McFarlane, though, came to feel that the SDI he had embraced was “Frankenstein’s monster.” From others, Nitze got only passive acquiescence: George Shultz, the secretary of state, was typically inscrutable, while Max Kampelman, the chief negotiator and fellow Democrat, was open about the politics--the President would not budge, hence to press him was to risk influence.

Talbott admires Nitze, but his portrait is not altogether admiring. At one level, Nitze seems principled and determined, devoting his adult life to the service of his country. At another, though, he comes across as vain and ambitious. When his ambition for high office was thwarted, as it was more than once, his retaliation was nasty. So it was with his opposition to Paul Warnke as President Carter’s director of the Arms Control and Disarmament Agency once Nitze himself had been passed over. So, too, there seemed a personal edge to his Committee on the Present Danger’s opposition to the SALT II treaty, a treaty Nitze later used as the basis for his own attempt to do better.

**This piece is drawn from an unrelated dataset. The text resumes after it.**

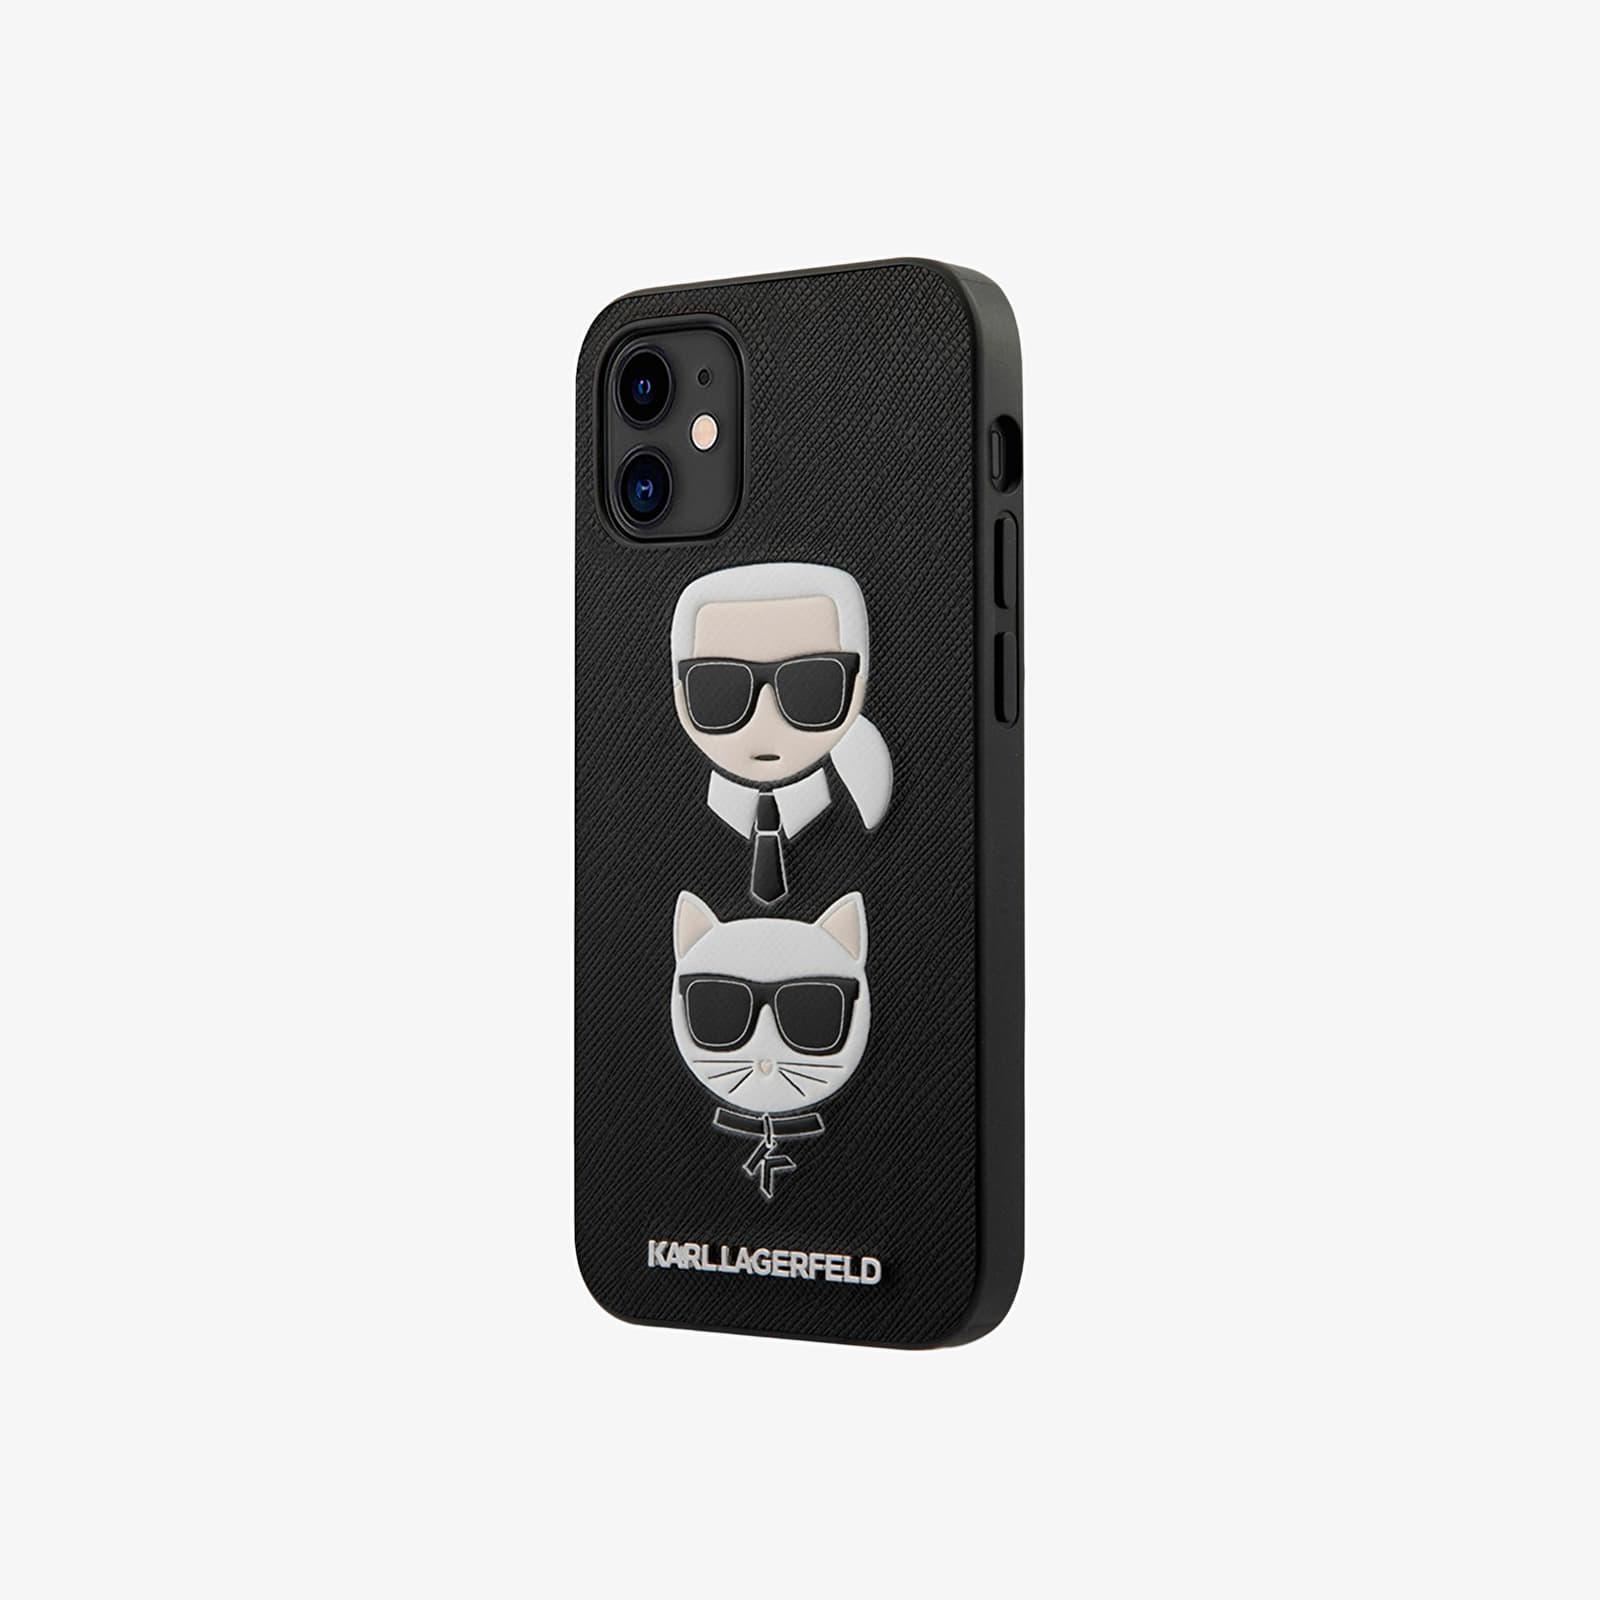 "Karl Lagerfeld Saffiano K&C Heads Cover iPhone 12 mini 5.4"" Black Universal"

For would-be followers of Nitze’s into the wars of government, Nitze’s career is exemplary but not entirely encouraging. He was meticulous about details and dogged almost beyond imagining, but he had the luxury of not needing to earn a living.

The line between doggedness and zealotry is one for the reader to judge: Nitze was a man whose idea of fun, according to Talbott, was to be locked into verbal combat at a Georgetown dinner party, oblivious to all else around him. In the end it took that zealotry not to reach his goal but, like Zeno’s arrow, only to keep reducing by half his distance from it.